======== Exercise data

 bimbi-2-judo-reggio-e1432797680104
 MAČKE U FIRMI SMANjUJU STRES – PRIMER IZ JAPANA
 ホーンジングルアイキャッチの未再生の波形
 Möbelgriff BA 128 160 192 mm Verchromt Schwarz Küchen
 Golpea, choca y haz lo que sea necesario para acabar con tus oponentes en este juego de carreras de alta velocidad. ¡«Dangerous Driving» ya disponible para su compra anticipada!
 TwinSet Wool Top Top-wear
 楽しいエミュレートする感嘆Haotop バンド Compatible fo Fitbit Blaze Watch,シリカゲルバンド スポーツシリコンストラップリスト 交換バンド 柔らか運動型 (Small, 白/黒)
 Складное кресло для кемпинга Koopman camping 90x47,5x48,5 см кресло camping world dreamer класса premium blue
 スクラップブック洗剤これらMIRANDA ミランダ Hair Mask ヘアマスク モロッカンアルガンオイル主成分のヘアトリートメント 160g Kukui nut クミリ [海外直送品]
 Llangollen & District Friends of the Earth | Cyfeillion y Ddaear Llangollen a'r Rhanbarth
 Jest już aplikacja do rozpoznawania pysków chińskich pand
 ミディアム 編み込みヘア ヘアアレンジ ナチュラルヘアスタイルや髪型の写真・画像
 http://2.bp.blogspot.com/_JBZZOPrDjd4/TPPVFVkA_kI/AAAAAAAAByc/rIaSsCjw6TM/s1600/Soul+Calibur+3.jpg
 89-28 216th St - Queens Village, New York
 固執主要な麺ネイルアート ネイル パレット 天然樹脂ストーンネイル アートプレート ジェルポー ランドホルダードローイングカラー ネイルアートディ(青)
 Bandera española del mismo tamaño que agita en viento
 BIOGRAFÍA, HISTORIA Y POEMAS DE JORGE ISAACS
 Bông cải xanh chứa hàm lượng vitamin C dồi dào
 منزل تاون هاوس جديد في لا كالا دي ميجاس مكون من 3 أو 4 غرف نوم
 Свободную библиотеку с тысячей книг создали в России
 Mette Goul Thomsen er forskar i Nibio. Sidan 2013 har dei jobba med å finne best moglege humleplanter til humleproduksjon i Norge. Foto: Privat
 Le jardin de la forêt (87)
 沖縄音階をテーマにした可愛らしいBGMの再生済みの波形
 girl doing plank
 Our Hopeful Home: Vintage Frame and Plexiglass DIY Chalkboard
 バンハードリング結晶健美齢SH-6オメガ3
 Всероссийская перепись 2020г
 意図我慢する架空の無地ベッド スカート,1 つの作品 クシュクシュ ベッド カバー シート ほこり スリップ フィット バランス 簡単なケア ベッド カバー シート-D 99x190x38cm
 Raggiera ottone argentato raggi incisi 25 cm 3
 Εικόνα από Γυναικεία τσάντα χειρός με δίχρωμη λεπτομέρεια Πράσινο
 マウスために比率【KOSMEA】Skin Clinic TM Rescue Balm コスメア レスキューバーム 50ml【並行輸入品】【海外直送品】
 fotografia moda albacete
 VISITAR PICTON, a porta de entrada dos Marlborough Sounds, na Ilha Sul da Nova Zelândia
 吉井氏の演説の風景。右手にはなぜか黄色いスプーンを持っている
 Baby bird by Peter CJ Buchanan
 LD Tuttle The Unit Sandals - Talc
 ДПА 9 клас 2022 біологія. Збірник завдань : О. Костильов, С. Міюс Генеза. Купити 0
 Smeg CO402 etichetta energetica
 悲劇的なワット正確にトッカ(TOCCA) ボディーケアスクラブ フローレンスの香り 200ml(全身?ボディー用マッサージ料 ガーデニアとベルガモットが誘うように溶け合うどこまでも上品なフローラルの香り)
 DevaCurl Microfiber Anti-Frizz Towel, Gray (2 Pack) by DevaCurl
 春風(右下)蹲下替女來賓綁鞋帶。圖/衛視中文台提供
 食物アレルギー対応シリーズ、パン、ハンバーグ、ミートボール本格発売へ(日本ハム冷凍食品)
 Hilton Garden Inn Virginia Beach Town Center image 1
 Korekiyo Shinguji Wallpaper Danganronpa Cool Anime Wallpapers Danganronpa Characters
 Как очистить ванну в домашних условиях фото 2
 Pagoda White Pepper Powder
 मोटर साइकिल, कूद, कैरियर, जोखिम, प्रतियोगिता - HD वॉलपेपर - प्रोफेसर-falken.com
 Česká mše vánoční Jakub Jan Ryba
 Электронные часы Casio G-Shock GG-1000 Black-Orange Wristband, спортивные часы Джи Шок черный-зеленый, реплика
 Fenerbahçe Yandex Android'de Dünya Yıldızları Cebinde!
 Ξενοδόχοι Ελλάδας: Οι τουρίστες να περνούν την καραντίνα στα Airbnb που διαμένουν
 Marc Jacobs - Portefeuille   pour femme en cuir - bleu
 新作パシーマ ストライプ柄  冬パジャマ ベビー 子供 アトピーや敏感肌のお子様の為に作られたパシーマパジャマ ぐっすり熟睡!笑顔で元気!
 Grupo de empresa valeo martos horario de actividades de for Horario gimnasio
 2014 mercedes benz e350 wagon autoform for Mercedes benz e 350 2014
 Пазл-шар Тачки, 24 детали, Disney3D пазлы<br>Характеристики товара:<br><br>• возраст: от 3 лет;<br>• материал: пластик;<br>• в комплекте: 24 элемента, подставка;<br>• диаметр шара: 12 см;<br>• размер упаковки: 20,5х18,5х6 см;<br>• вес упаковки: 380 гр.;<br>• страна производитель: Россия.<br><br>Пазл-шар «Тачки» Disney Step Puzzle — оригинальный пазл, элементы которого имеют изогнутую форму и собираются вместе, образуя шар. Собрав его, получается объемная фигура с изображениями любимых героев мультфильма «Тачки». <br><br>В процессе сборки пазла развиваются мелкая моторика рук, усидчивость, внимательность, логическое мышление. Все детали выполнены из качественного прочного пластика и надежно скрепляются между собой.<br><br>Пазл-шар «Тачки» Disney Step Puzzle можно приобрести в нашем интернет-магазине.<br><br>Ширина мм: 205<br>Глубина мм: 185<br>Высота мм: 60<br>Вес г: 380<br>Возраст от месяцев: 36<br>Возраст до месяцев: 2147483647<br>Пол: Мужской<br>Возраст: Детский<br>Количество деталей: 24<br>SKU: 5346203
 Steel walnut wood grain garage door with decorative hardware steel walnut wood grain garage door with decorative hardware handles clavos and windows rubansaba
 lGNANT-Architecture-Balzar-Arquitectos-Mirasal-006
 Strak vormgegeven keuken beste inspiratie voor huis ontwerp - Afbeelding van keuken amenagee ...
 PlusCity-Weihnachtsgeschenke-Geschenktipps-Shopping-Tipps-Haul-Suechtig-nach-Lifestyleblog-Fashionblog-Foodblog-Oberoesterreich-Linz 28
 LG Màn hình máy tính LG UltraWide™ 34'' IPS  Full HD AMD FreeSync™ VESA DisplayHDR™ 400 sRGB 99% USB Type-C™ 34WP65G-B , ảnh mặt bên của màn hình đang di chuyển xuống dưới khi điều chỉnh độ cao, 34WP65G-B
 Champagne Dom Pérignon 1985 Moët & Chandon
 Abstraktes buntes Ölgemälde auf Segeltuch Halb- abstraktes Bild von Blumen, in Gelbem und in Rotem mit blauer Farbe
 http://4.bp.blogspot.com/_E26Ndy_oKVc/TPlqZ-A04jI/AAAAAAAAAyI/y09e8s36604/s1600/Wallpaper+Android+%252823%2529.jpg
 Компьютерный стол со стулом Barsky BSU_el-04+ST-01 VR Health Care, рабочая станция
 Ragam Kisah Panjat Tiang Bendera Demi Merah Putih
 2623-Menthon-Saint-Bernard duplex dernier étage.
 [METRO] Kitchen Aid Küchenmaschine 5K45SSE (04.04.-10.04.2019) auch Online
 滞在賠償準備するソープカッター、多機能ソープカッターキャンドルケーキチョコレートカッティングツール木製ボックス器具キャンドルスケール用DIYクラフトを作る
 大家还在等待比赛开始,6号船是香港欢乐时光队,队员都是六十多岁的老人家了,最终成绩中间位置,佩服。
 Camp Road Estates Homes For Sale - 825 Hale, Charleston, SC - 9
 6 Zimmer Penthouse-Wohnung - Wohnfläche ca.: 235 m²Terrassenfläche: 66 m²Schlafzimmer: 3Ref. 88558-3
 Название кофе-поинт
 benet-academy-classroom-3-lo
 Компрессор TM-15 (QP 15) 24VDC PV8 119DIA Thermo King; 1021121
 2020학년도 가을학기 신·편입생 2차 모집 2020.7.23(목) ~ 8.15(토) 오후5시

================

## To do
Go through the entries and return each line where the word "http" appears.

## Exercise answer
 http://2.bp.blogspot.com/_JBZZOPrDjd4/TPPVFVkA_kI/AAAAAAAAByc/rIaSsCjw6TM/s1600/Soul+Calibur+3.jpg
 http://4.bp.blogspot.com/_E26Ndy_oKVc/TPlqZ-A04jI/AAAAAAAAAyI/y09e8s36604/s1600/Wallpaper+Android+%252823%2529.jpg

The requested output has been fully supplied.